## EXERCISE OBJECTIVE
Starting at the line that contains "Hochzeit - White", reproduce every line through the end of the entries below, with no pictures in the copy.

## Saved data entries
________

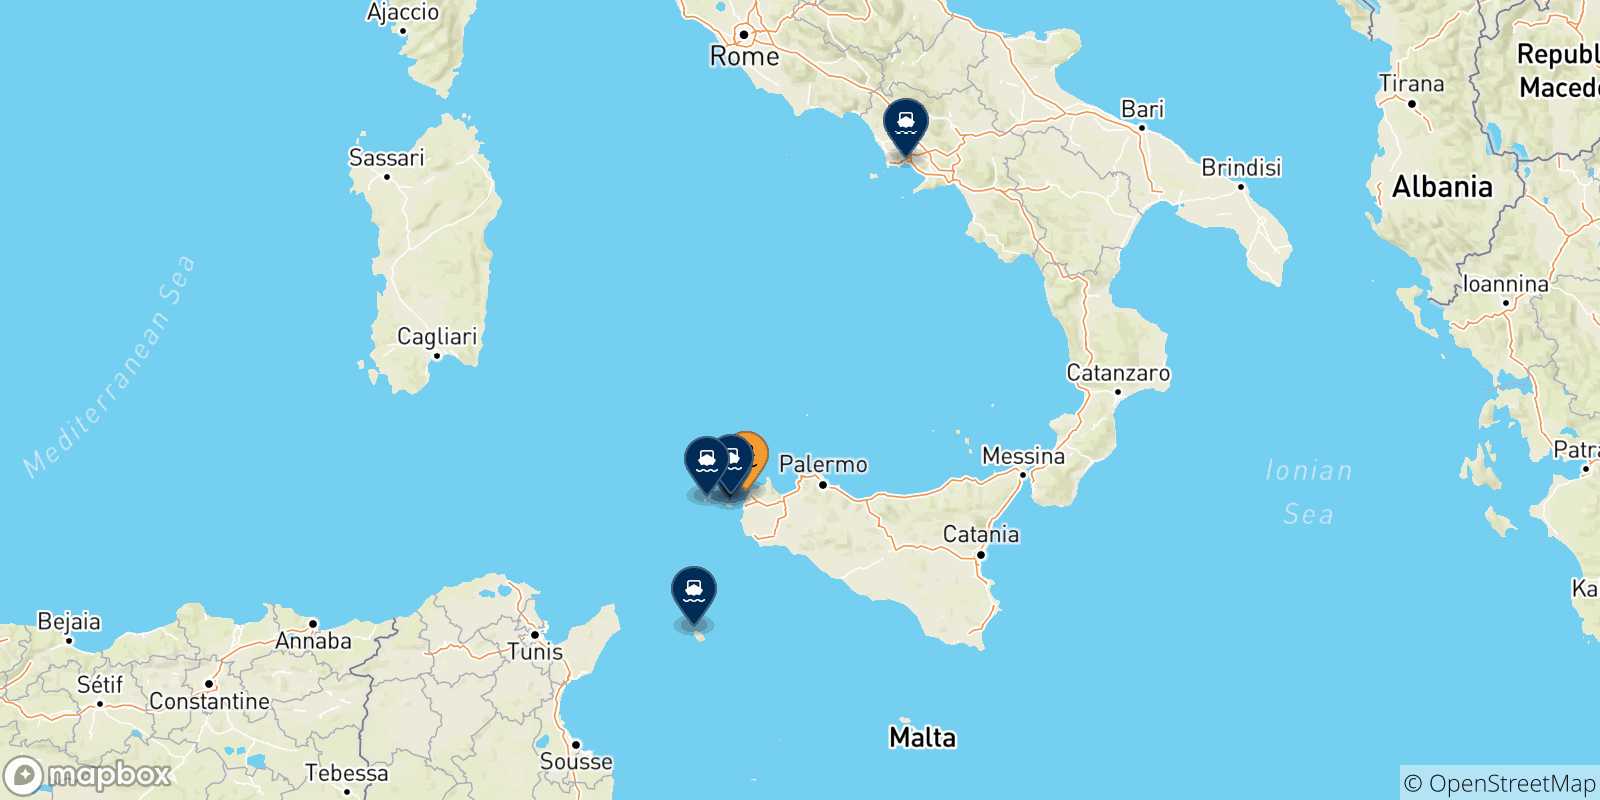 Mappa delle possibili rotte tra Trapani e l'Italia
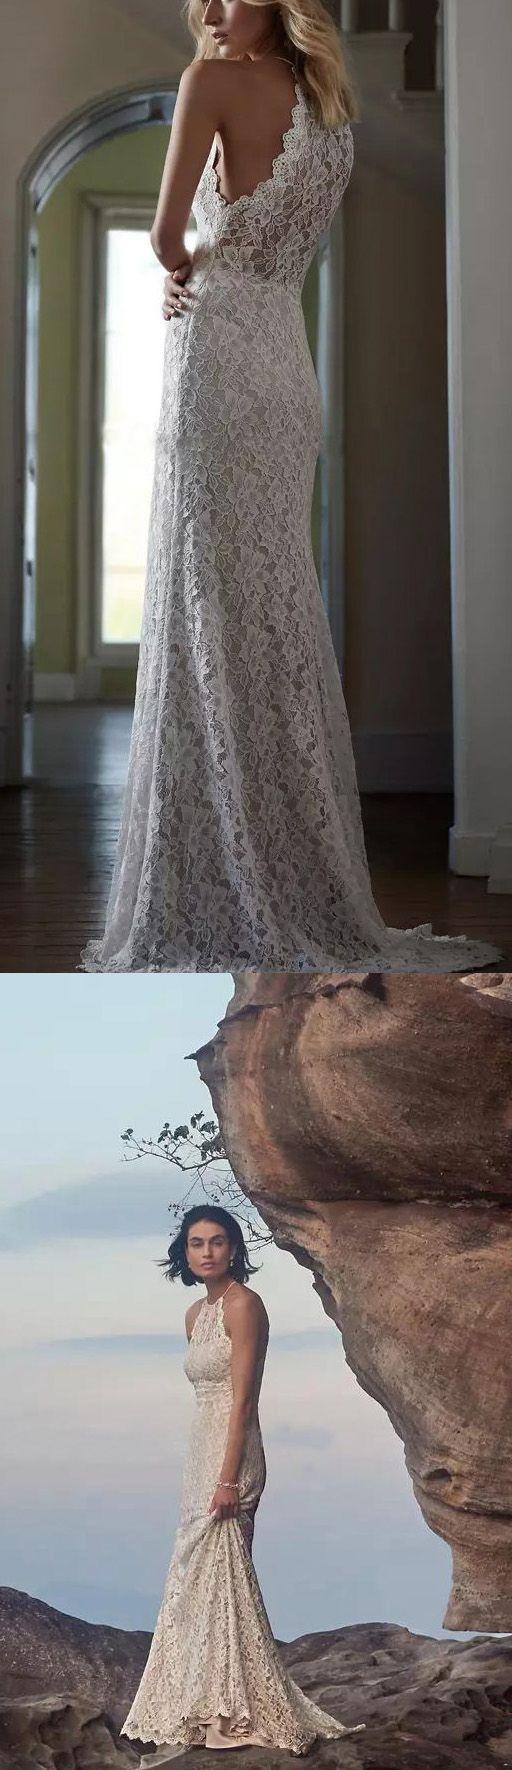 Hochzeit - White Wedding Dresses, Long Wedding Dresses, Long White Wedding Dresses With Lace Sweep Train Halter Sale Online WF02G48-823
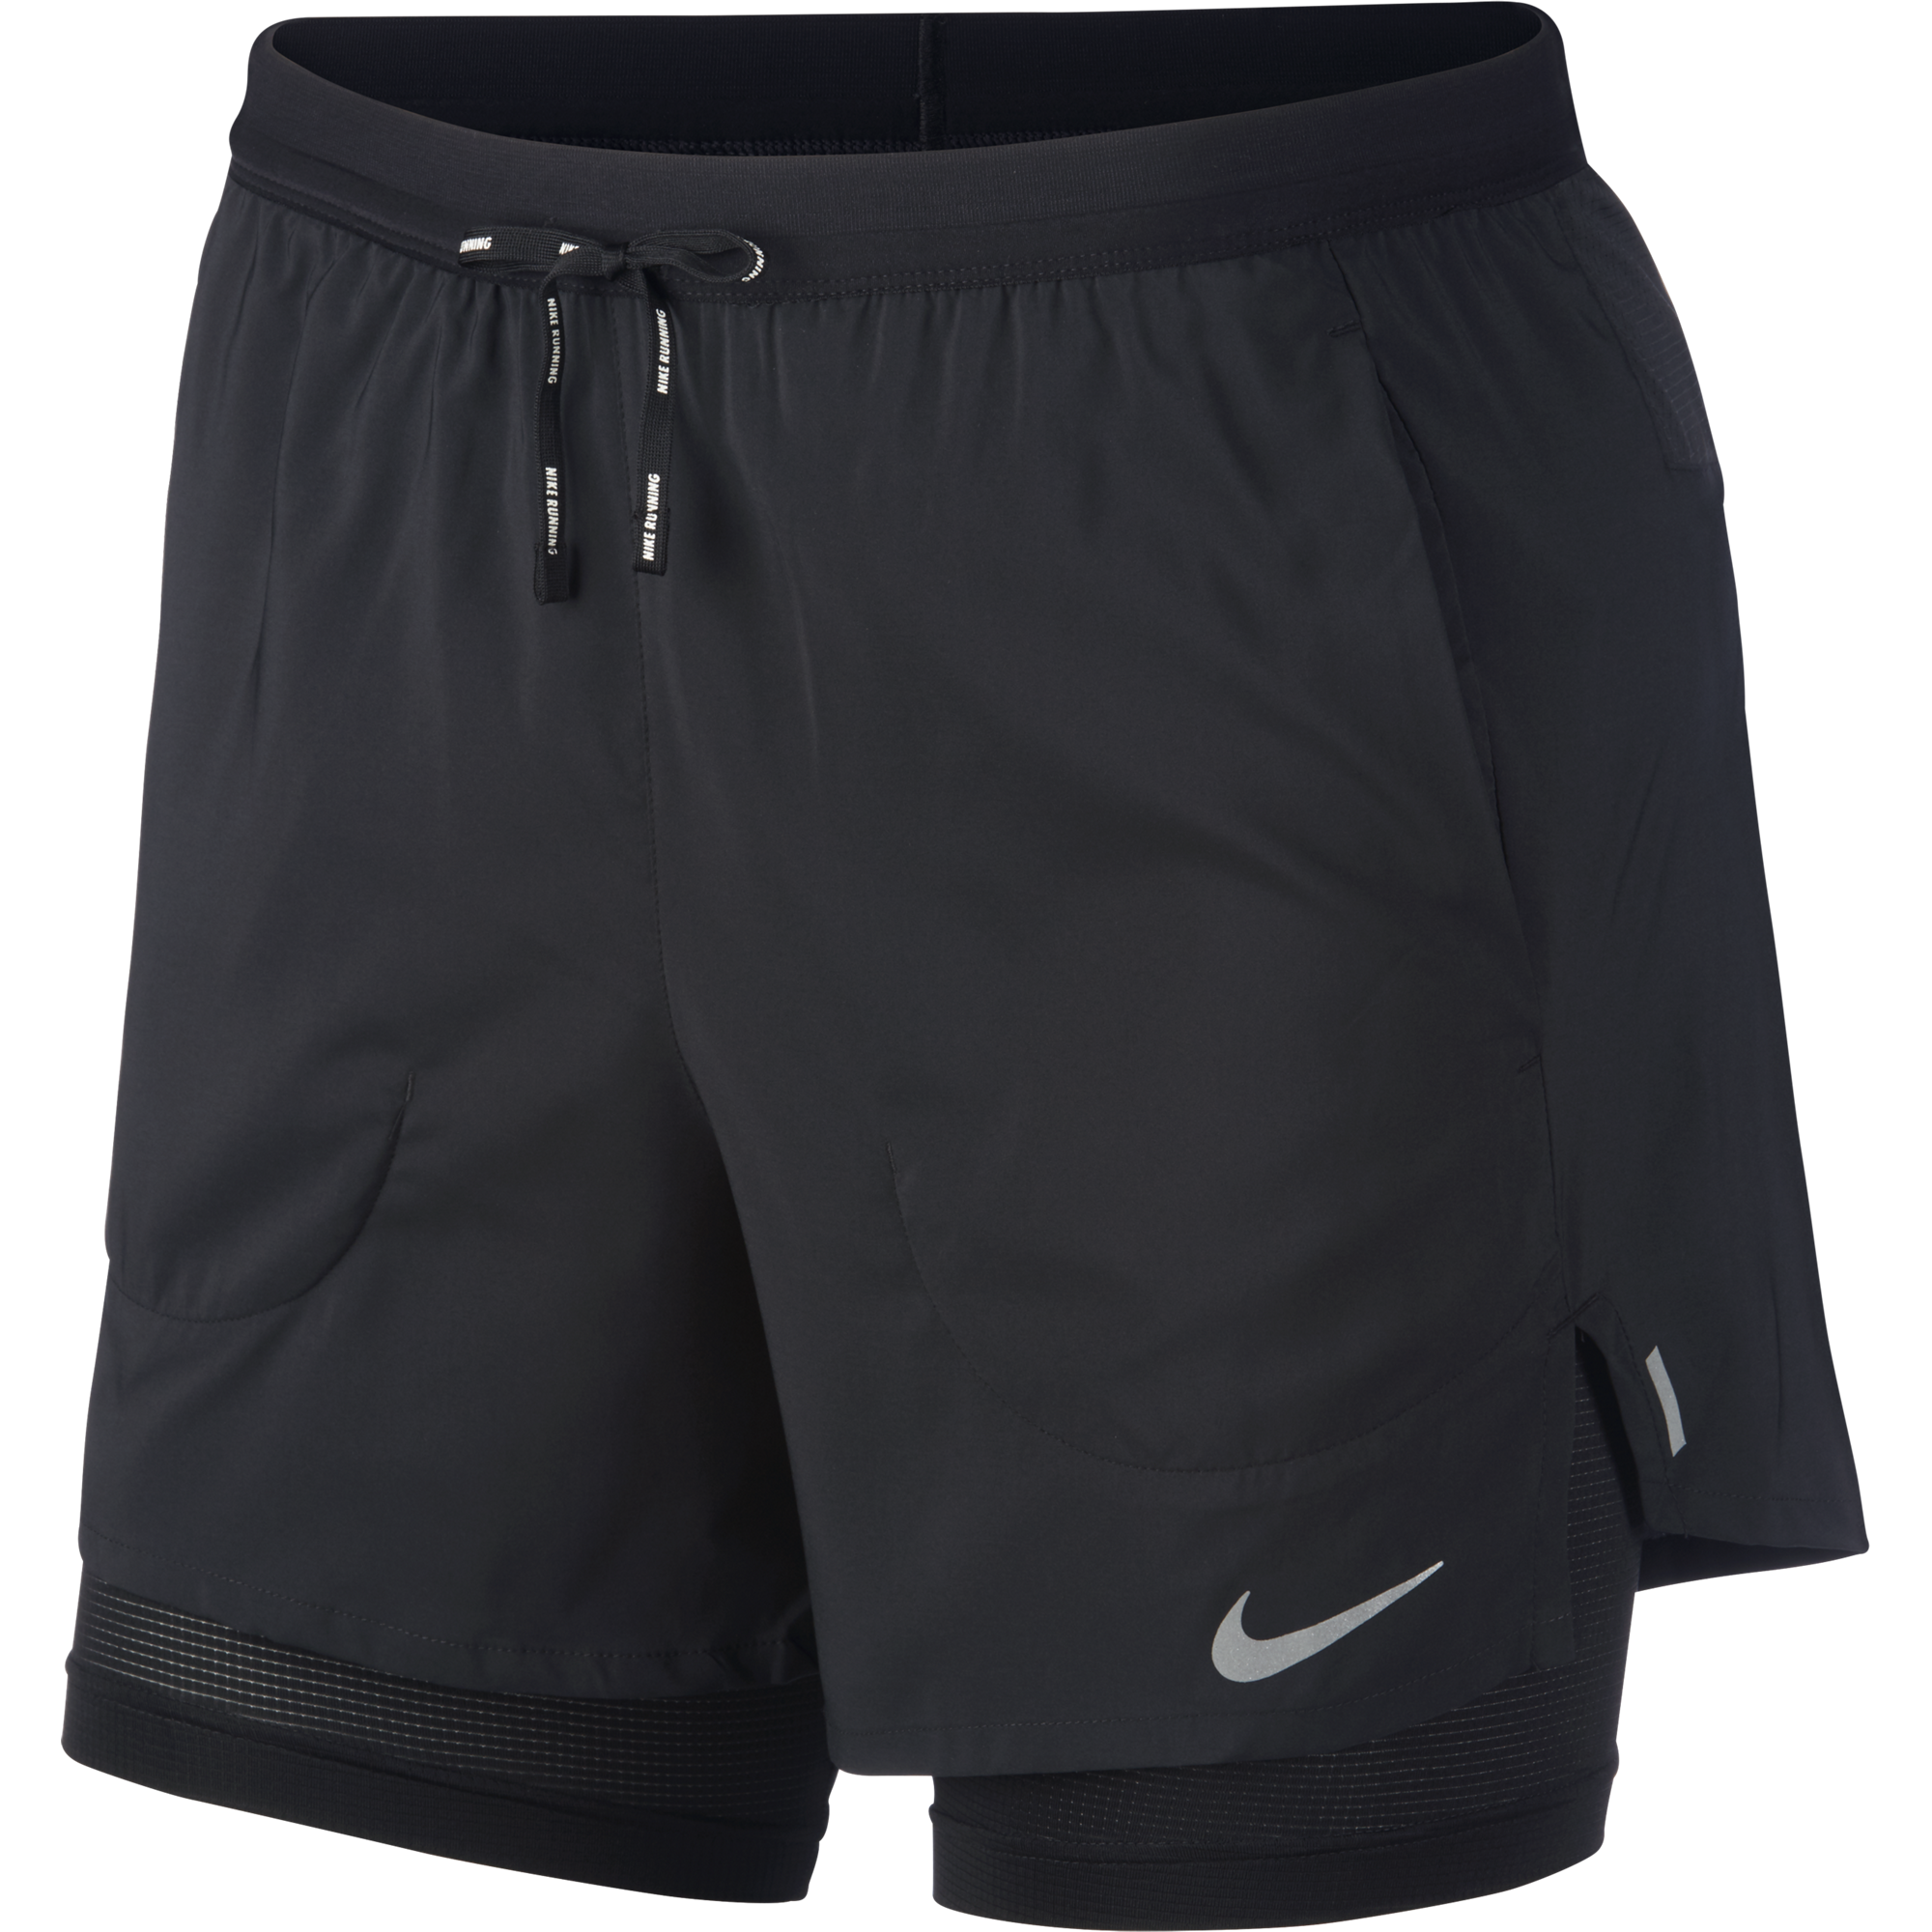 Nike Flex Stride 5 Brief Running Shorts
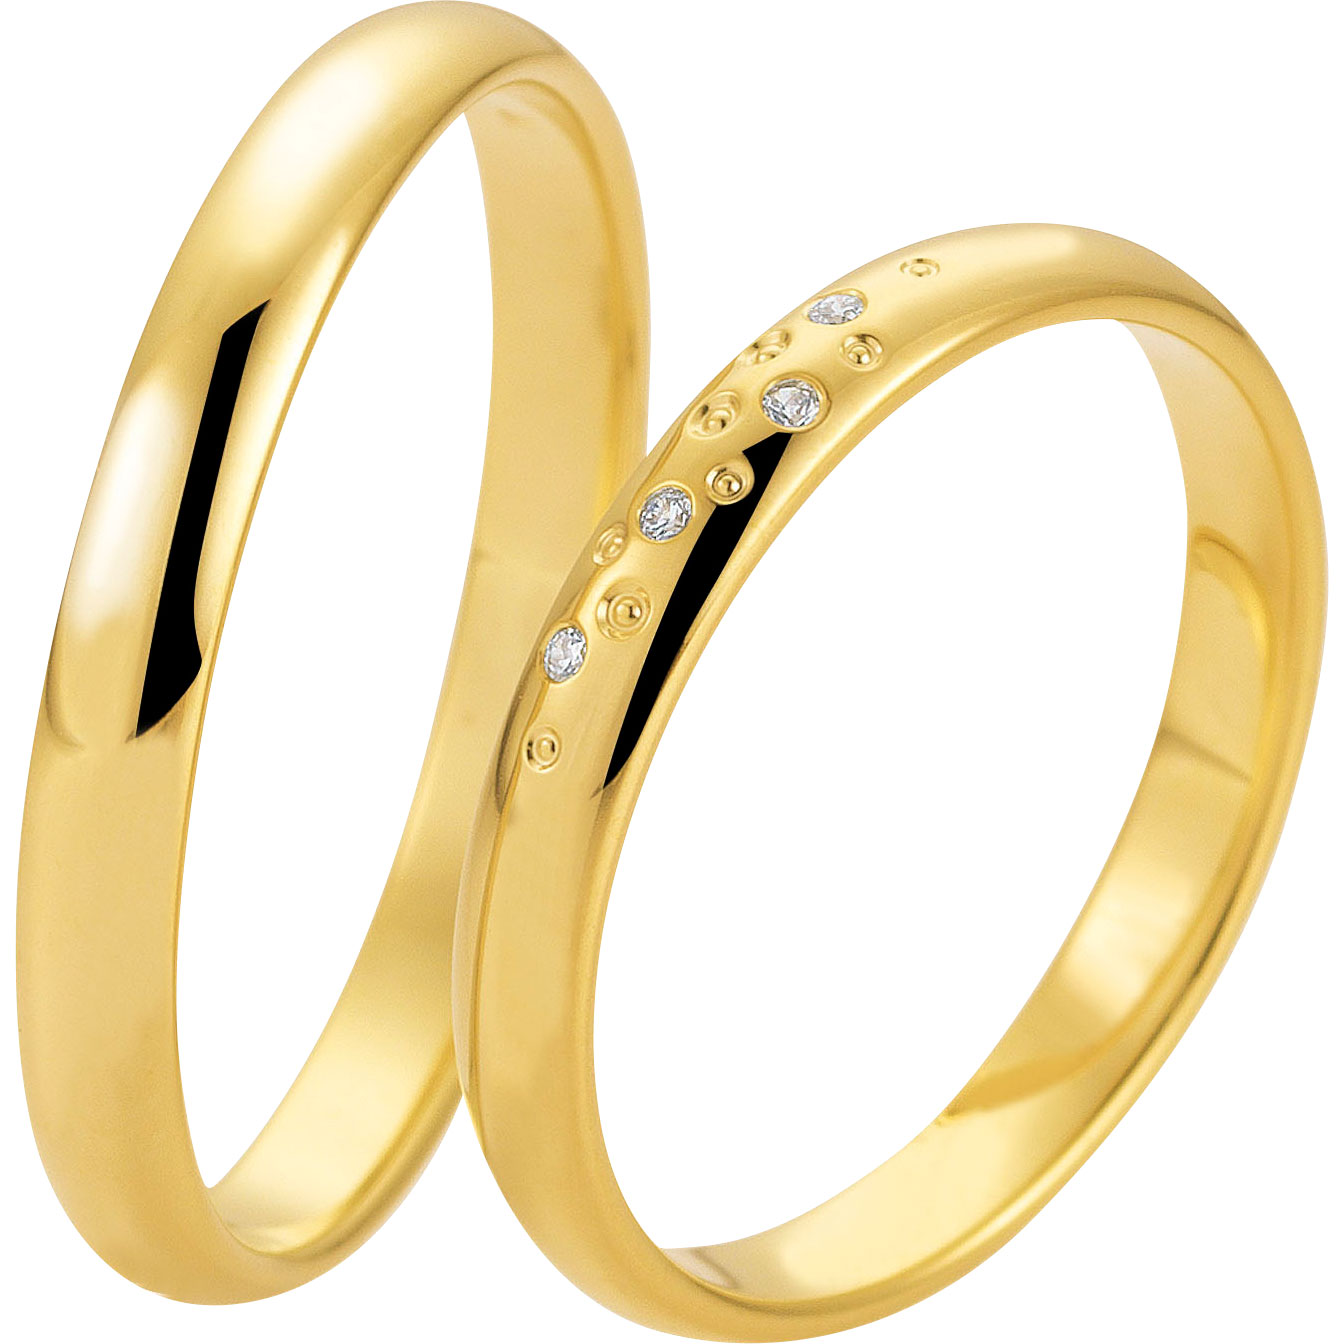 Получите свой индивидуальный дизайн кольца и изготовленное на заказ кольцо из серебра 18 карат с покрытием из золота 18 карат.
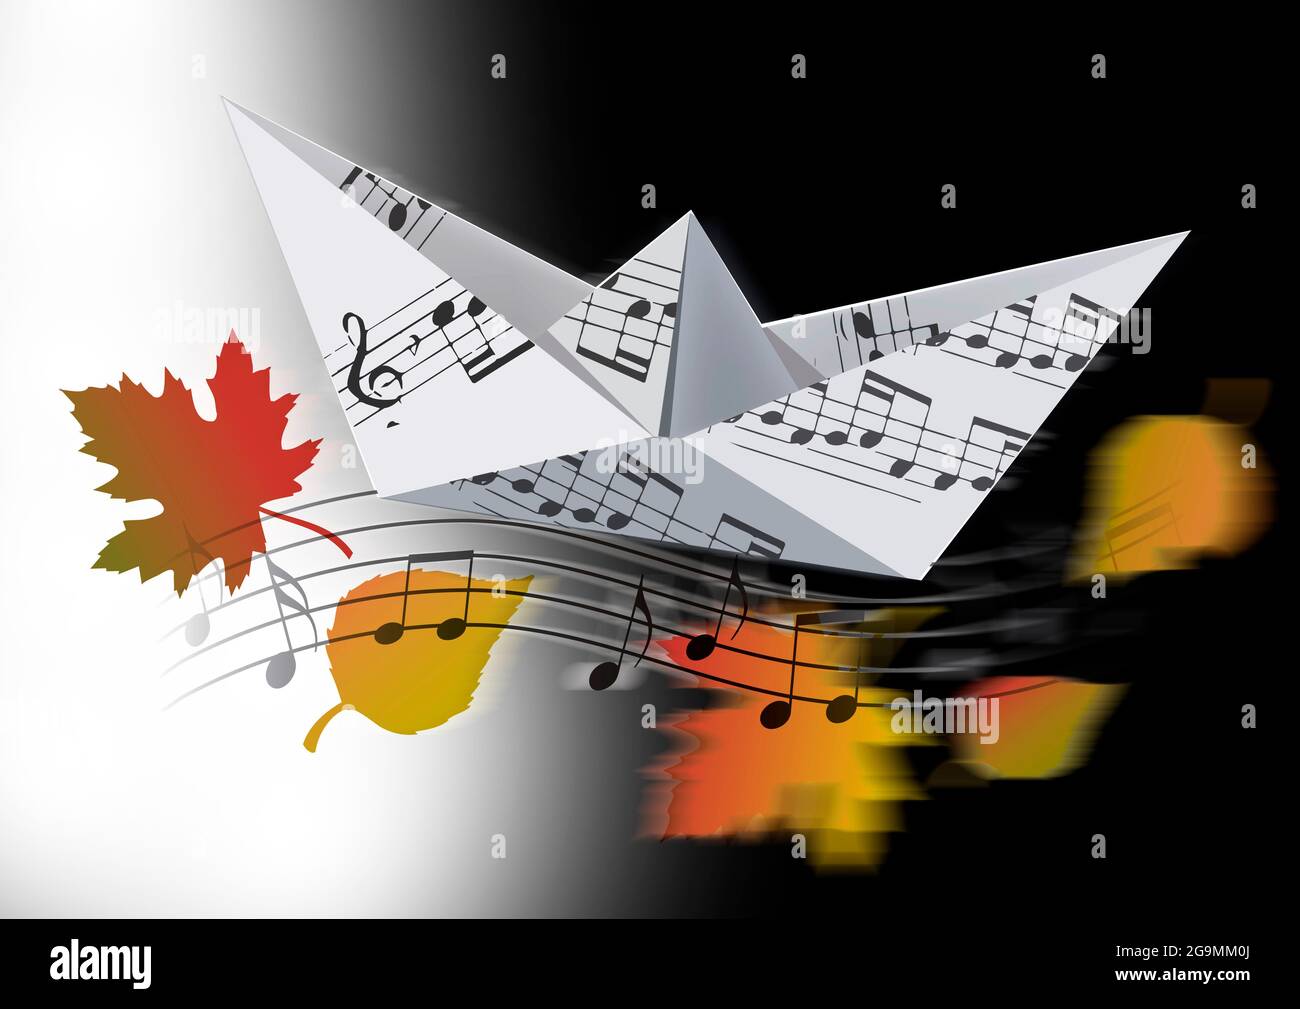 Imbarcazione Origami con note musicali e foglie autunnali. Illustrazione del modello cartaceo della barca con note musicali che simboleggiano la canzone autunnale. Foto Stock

________

## RESPONSE
 Hochzeit - White Wedding Dresses, Long Wedding Dresses, Long White Wedding Dresses With Lace Sweep Train Halter Sale Online WF02G48-823
 Nike Flex Stride 5 Brief Running Shorts
 Получите свой индивидуальный дизайн кольца и изготовленное на заказ кольцо из серебра 18 карат с покрытием из золота 18 карат.
 Imbarcazione Origami con note musicali e foglie autunnali. Illustrazione del modello cartaceo della barca con note musicali che simboleggiano la canzone autunnale. Foto Stock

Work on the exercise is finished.